An ode (from ) is a type of lyric poetry. Odes are elaborately structured poems praising or glorifying an event or individual, describing nature intellectually as well as emotionally. A classic ode is structured in three major parts: the strophe, the antistrophe, and the epode. Different forms such as the homostrophic ode and the irregular ode also enter.

Greek odes were originally poetic pieces performed with musical accompaniment. As time passed on, they gradually became known as personal lyrical compositions whether sung (with or without musical instruments) or merely recited (always with accompaniment). The primary instruments used were the aulos and the lyre (the latter was the most revered instrument to the ancient Greeks).

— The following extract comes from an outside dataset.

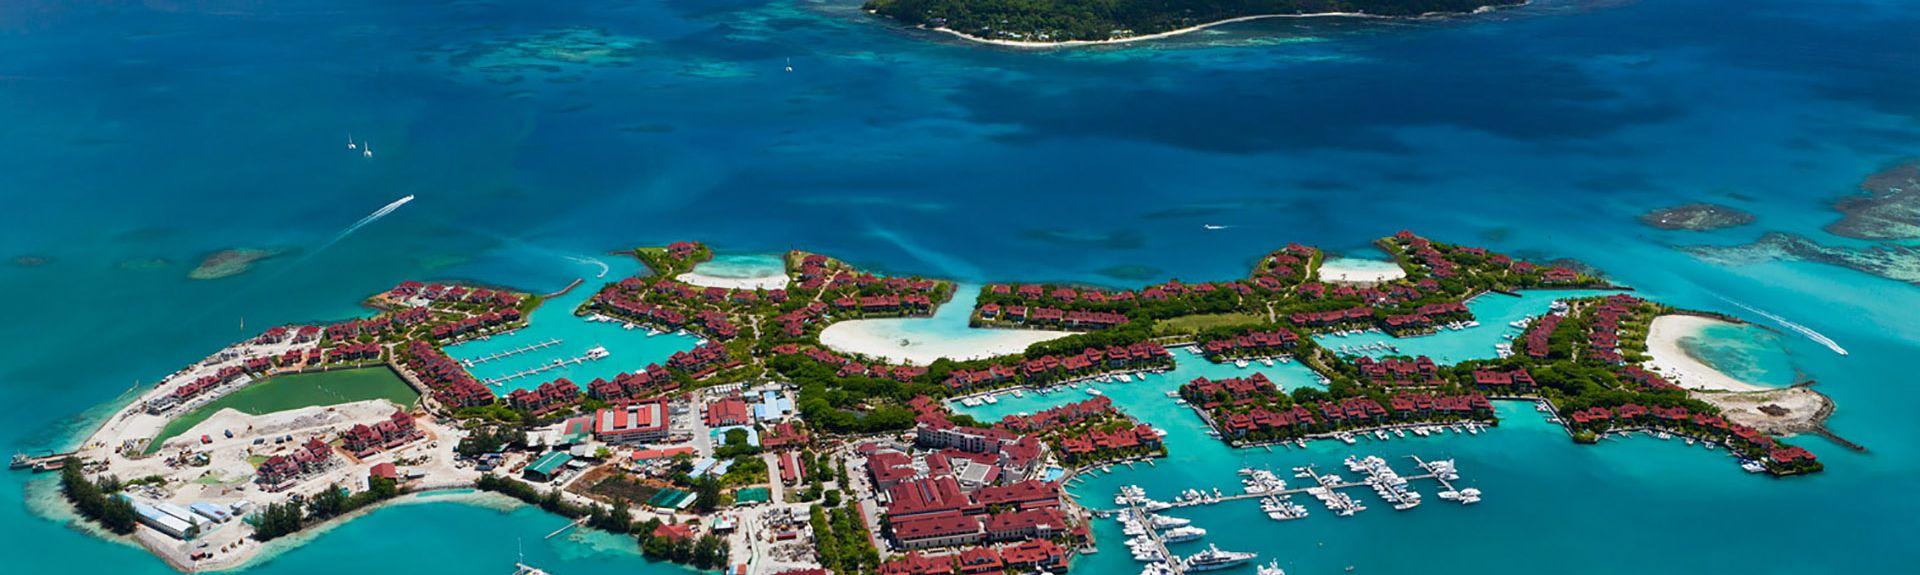 Victoria, Ilhas Seychelles (SEZ-Aeroporto Internacional de Seychelles)

There are three typical forms of odes: the Pindaric, Horatian, and irregular. Pindaric odes follow the form and style of Pindar. Horatian odes follow conventions of Horace; the odes of Horace deliberately imitated the Greek lyricists such as Alcaeus and Anacreon. Irregular odes use rhyme, but not the three-part form of the Pindaric ode, nor the two- or four-line stanza of the Horatian ode. The ode is a lyric poem. It conveys exalted and inspired emotions. It is a lyric in an elaborate form, expressed in a language that is imaginative, dignified and sincere. Like the lyric, an ode is of Greek origin.

English ode

The lyrics can be on various themes. The earliest odes in the English language, using the word in its strict form, were the Epithalamium and Prothalamium of Edmund Spenser.

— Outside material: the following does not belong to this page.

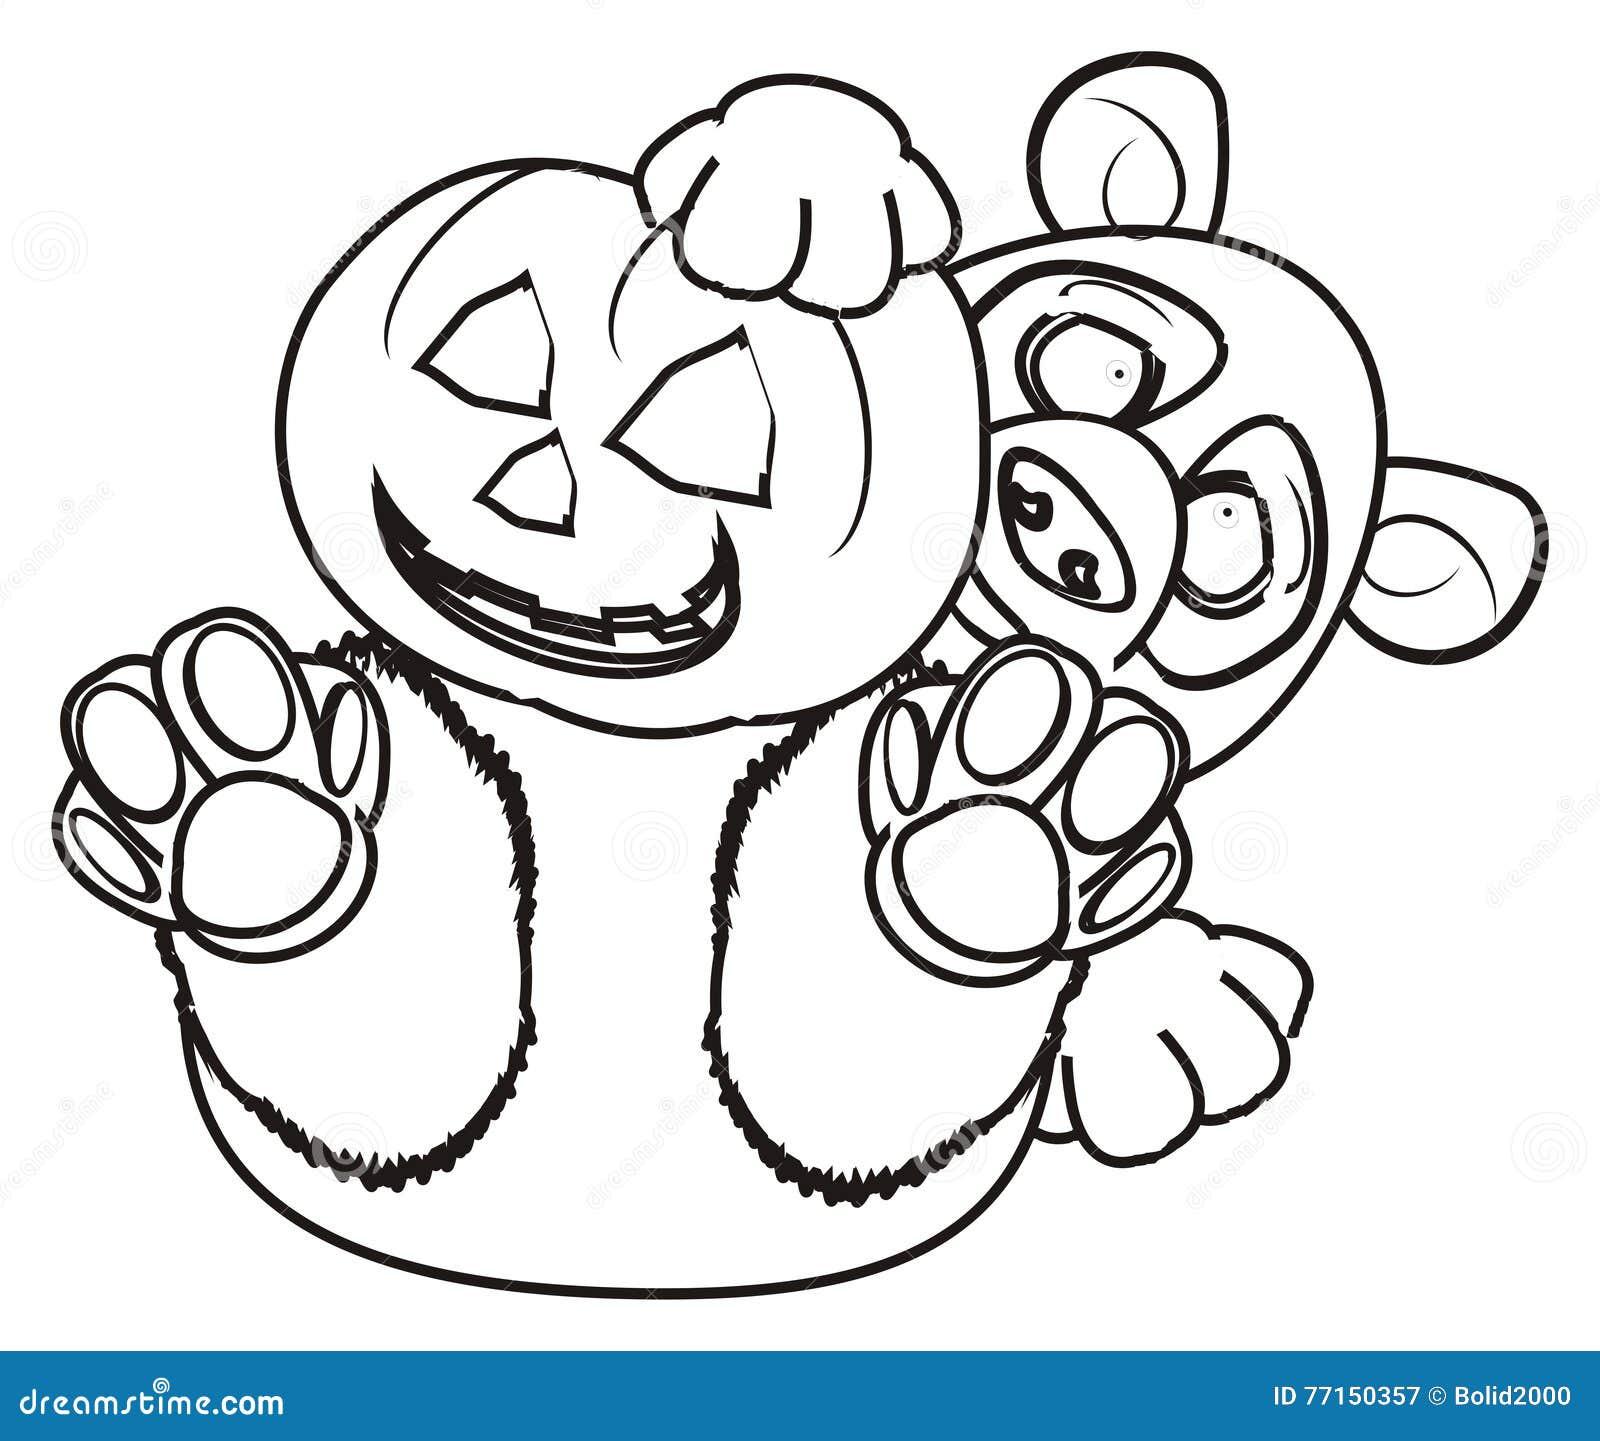 Coloring Panda Hold A Pumpkin Stock Illustration - Illustration of ...

In the 17th century, the original odes in English were by Abraham Cowley. These were iambic, but had irregular line length patterns and rhyme schemes. Cowley based the principle of his Pindariques on an apparent misunderstanding of Pindar's metrical practice but, nonetheless, others widely imitated his style, with notable success by John Dryden.

With Pindar's metre being better understood in the 18th century, the fashion for Pindaric odes faded, though there are notable actual Pindaric odes by Thomas Gray, The Progress of Poesy and The Bard.

There was a time when meadow, grove, and stream,
The earth, and every common sight,
To me did seem
Apparelled in celestial light,
The glory and the freshness of a dream.
It is not now as it hath been of yore;—
Turn wheresoe'er I may,
By night or day,
The things which I have seen I now can see no more....
Our birth is but a sleep and a forgetting:
The Soul that rises with us, our life's Star,
Hath had elsewhere its setting,
And cometh from afar:
Not in entire forgetfulness,
And not in utter nakedness,
But trailing clouds of glory do we come
From God, who is our home...
(Excerpt from Wordsworth's Intimations of Immortality)

Around 1800, William Wordsworth revived Cowley's  Pindarick for one of his finest poems, the Intimations of Immortality ode. Others also wrote odes: Samuel Taylor Coleridge, John Keats, and Percy Bysshe Shelley who wrote odes with regular stanza patterns. Shelley's Ode to the West Wind, written in fourteen line terza rima stanzas, is a major poem in the form. Perhaps the greatest odes of the 19th century, however, were Keats's Five Great Odes of 1819, which included "Ode to a Nightingale", "Ode on Melancholy", "Ode on a Grecian Urn", "Ode to Psyche", and "To Autumn". After Keats, there have been comparatively few major odes in English. One major exception is the fourth verse of the poem For the Fallen by Laurence Binyon, which is often known as The Ode to the Fallen, or simply as The Ode.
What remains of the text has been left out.